PROVIDED DATA:
=== Section Start ===

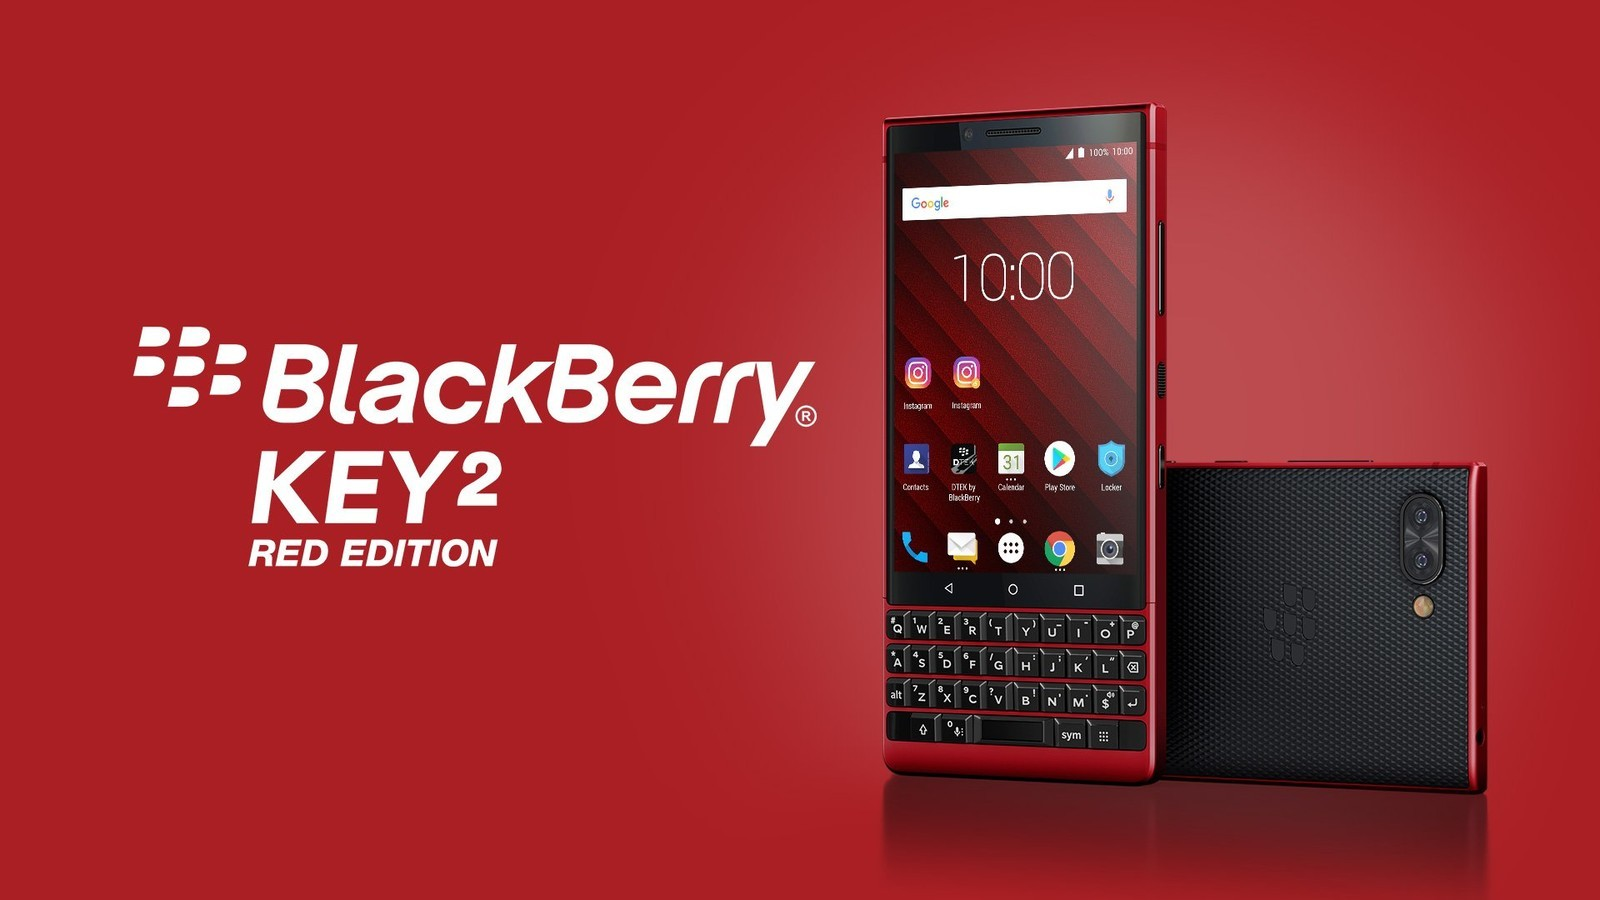 НОВОЕ ВИДЕО BLACKBERRY KEY2 RED EDITION ОТ BLACKBERRY MOBILE
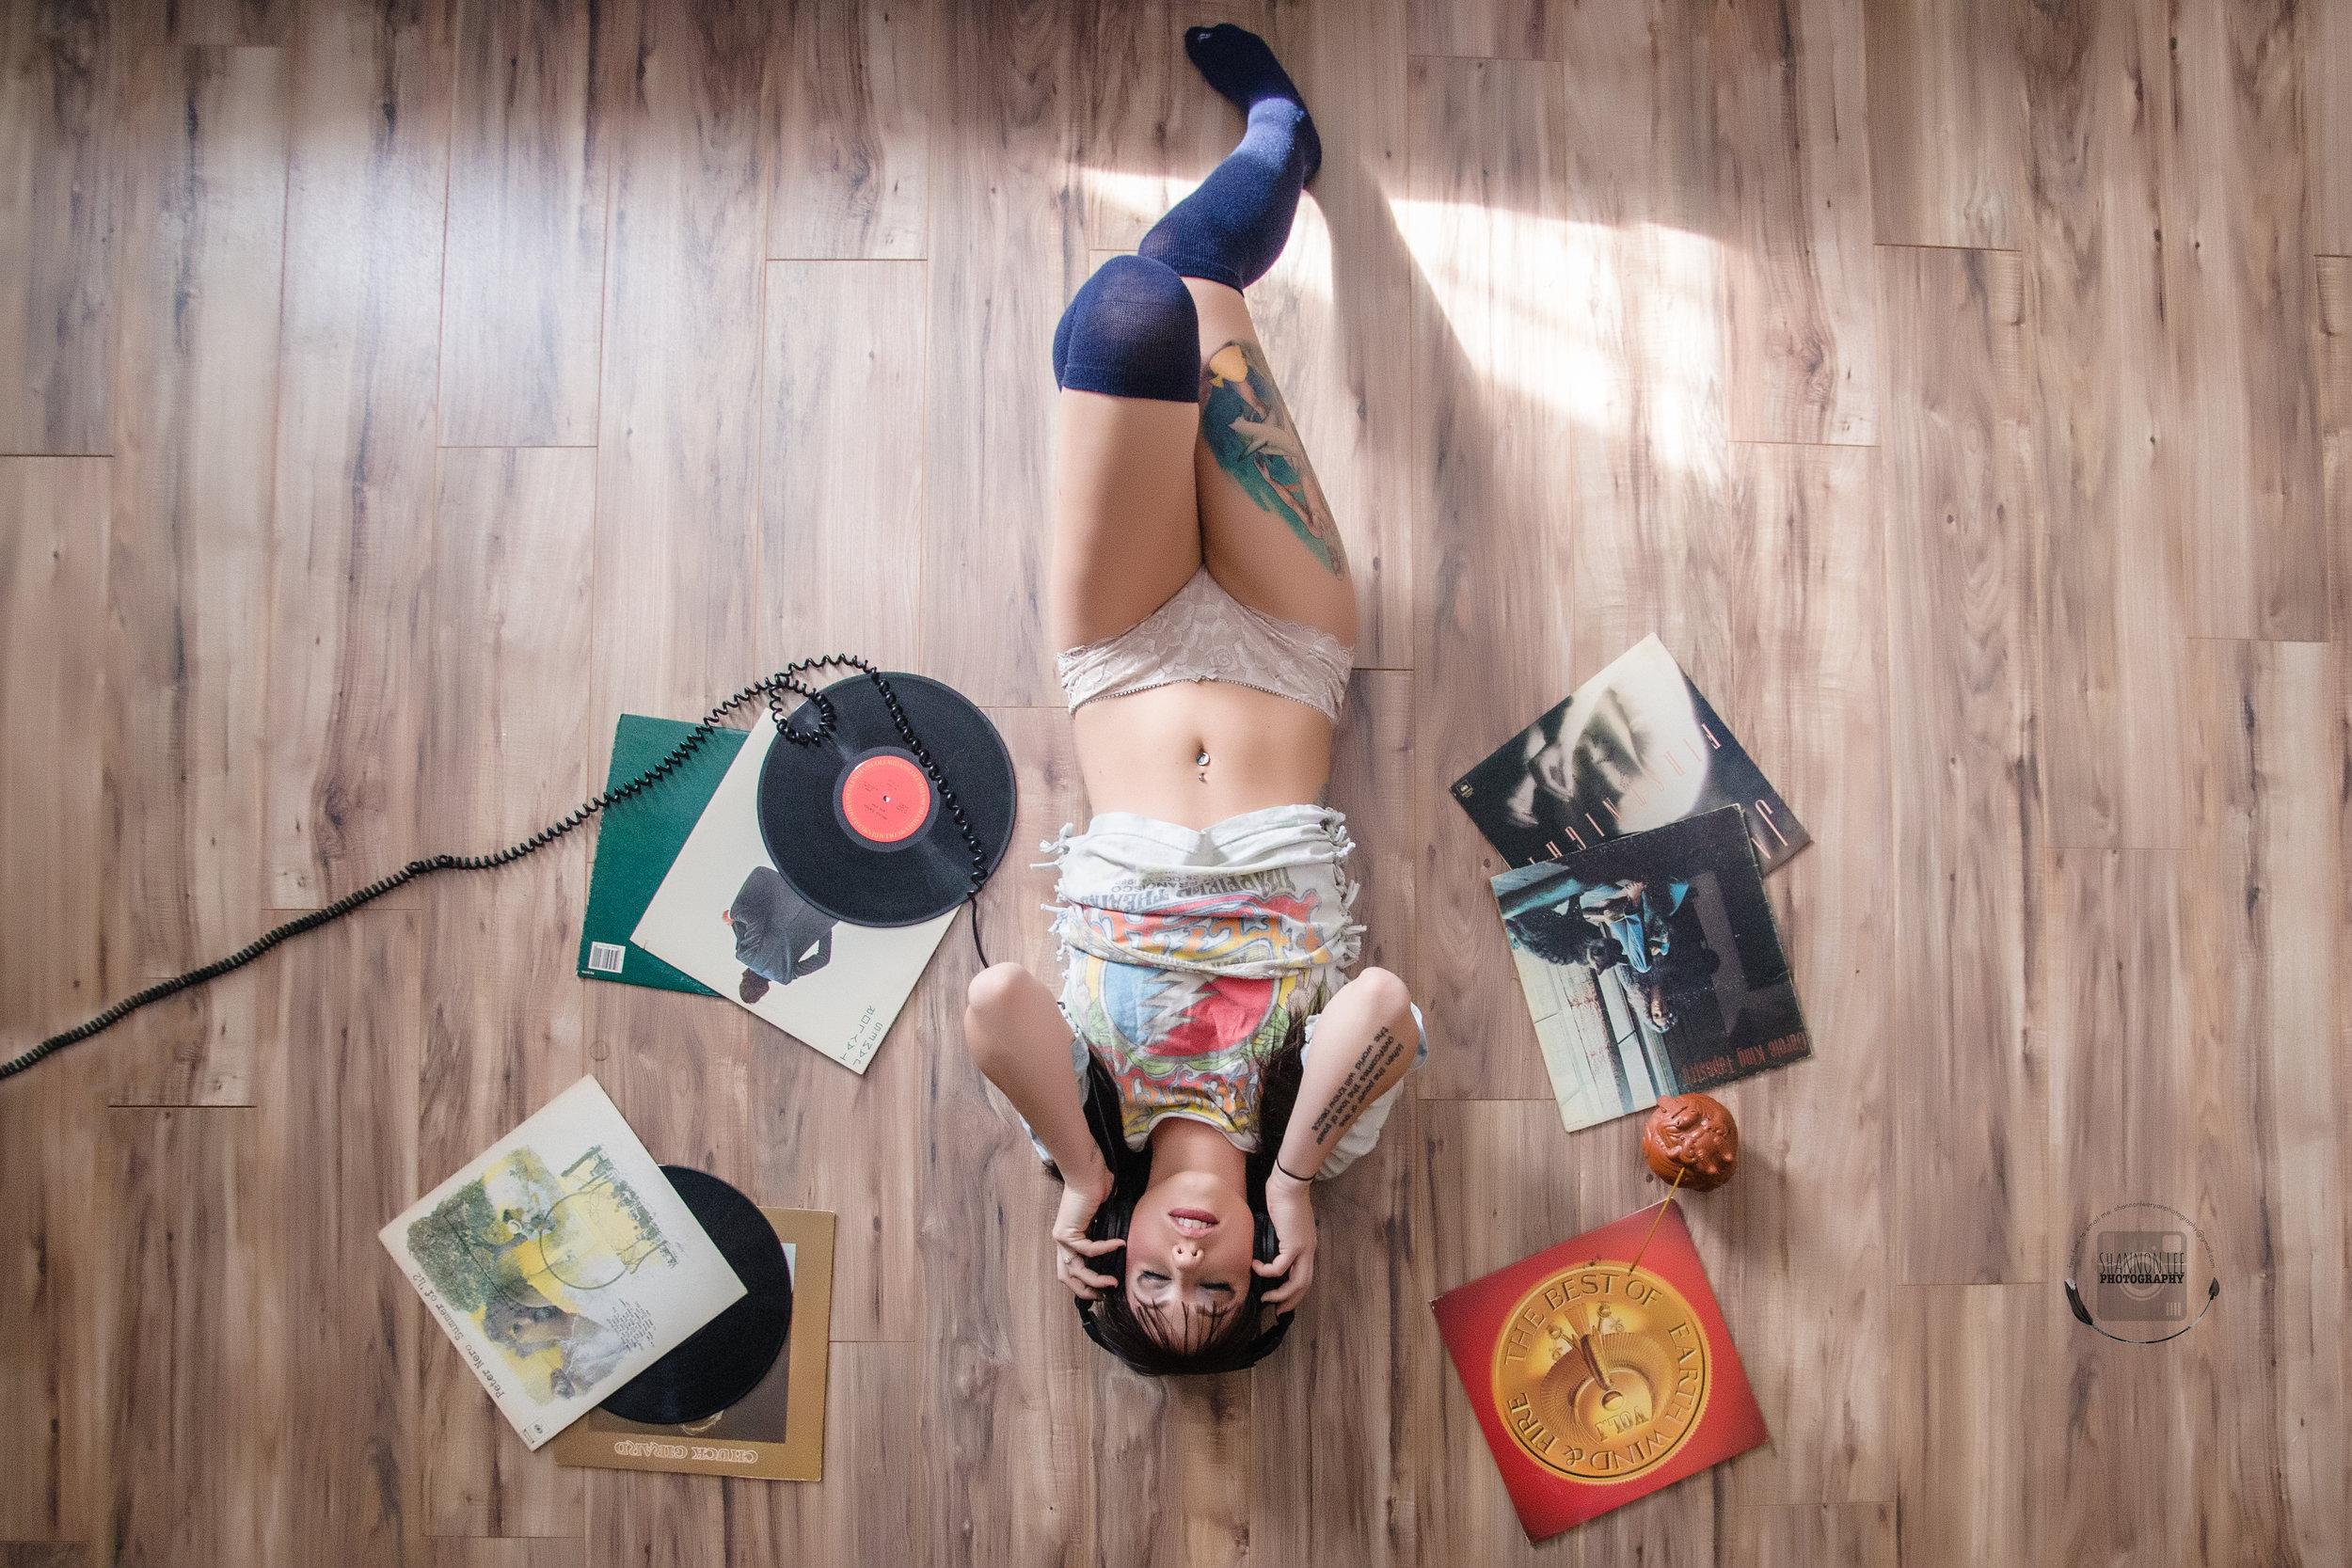 Edgy Boudoir Portrait With A Music Twist
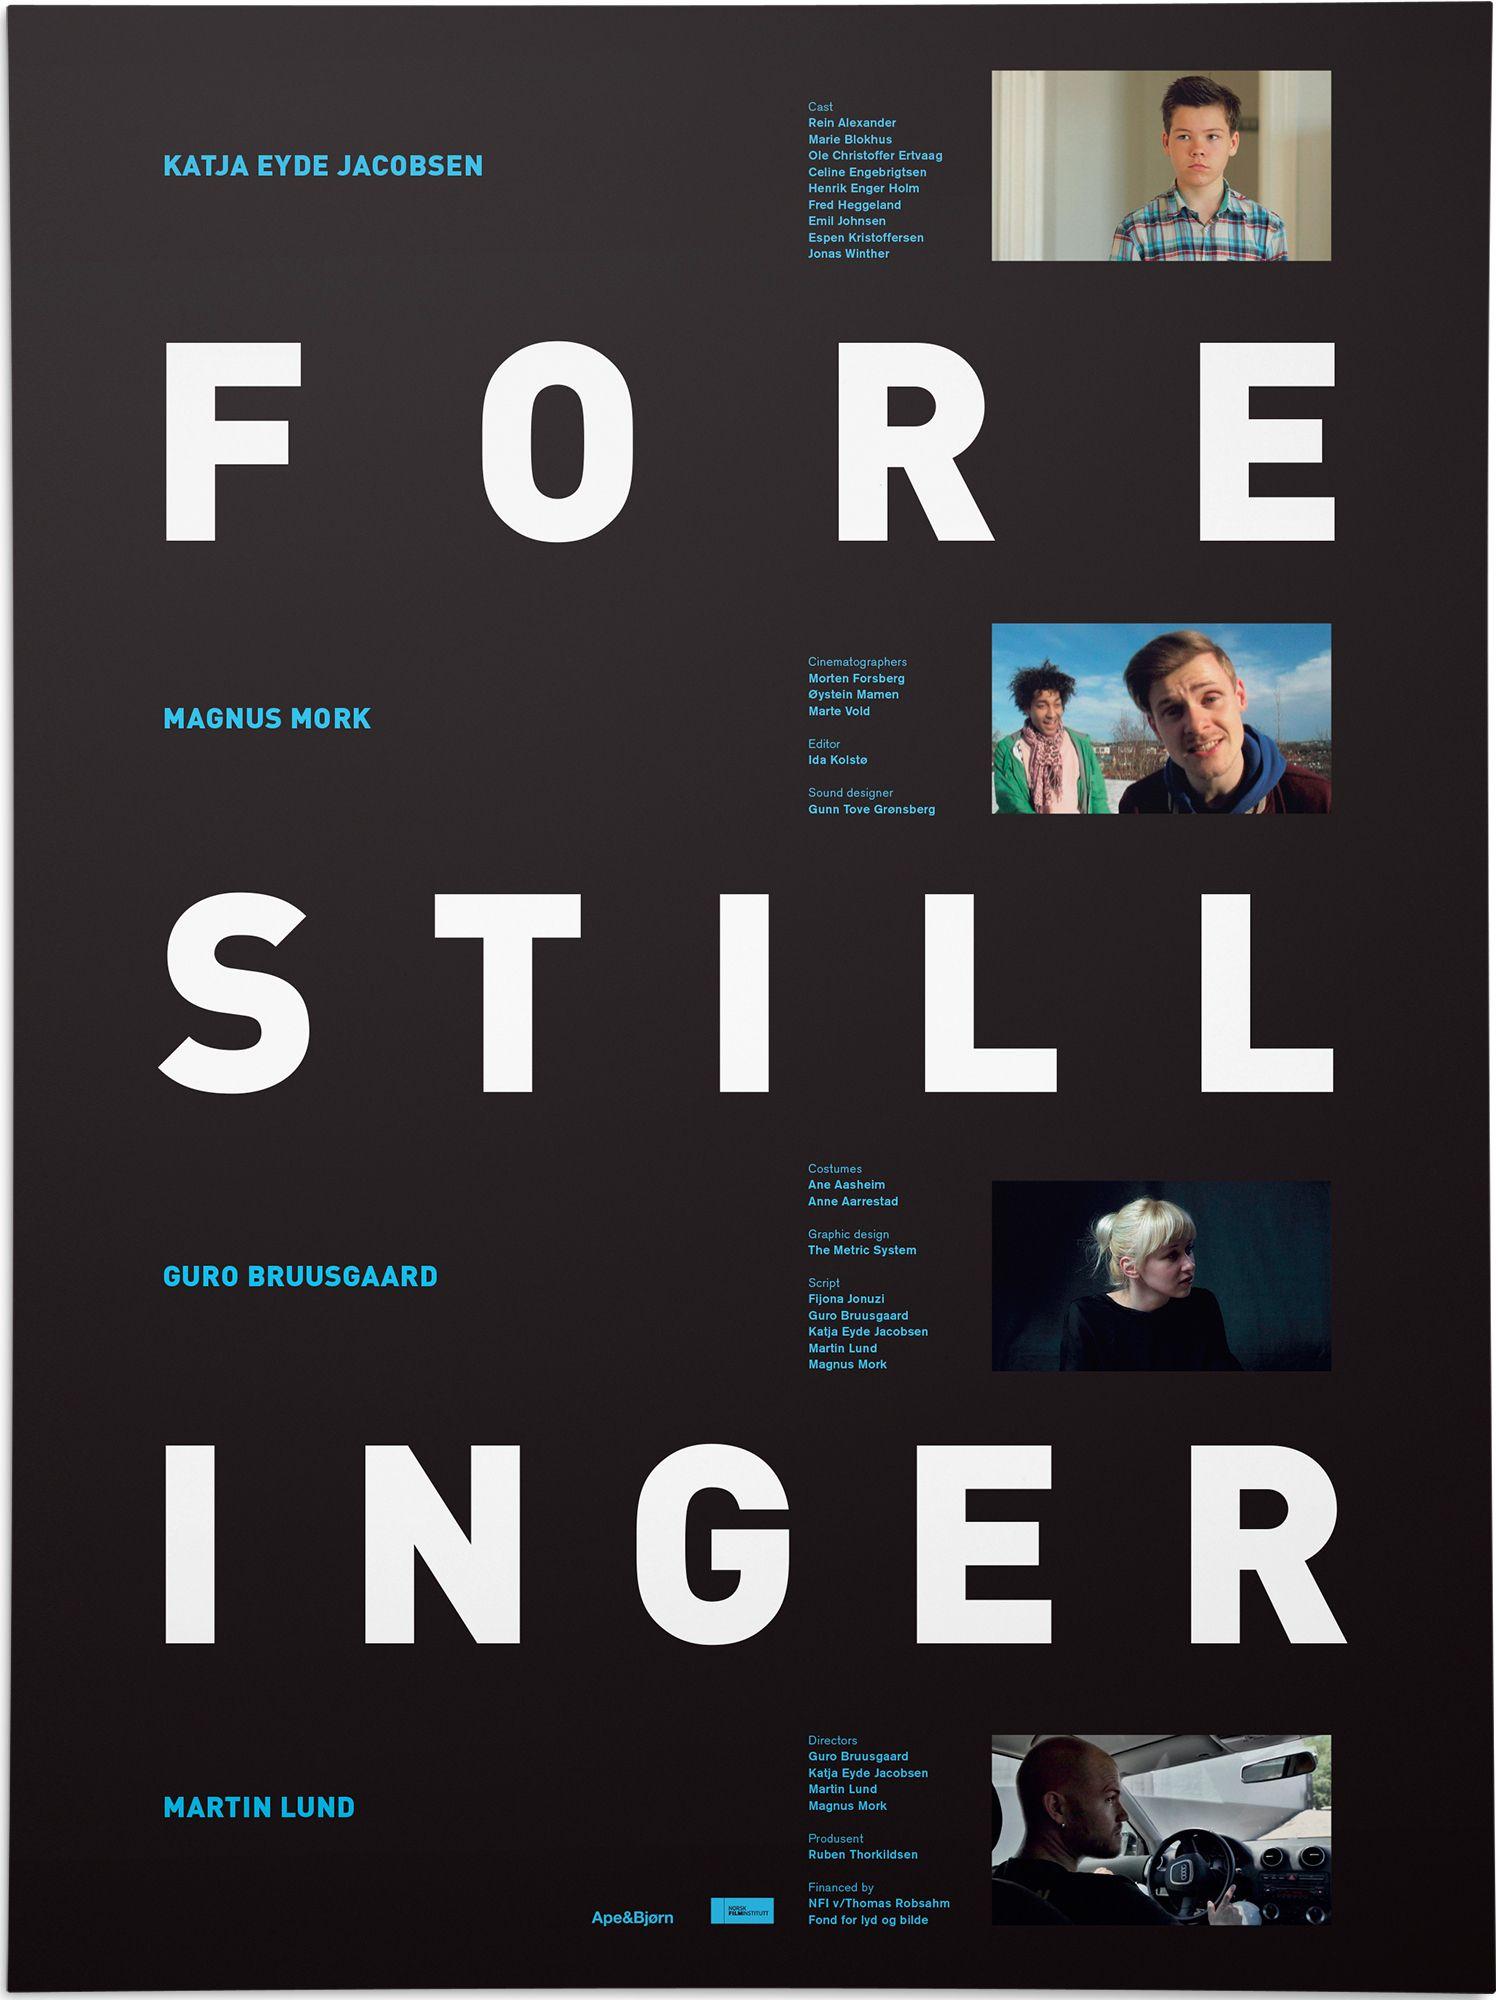 Forestillinger Poster With Images Metric System Sign Design Poster

=== Section End ===

WHAT YOU HAVE TO DO: Repeat word for word the lines from the one holding "Edgy Boudoir Portrait With A Music Twist" through the last line of the listing above, including both ends. Drop the pictures.

WRITTEN REPLY:
 Edgy Boudoir Portrait With A Music Twist
 Forestillinger Poster With Images Metric System Sign Design Poster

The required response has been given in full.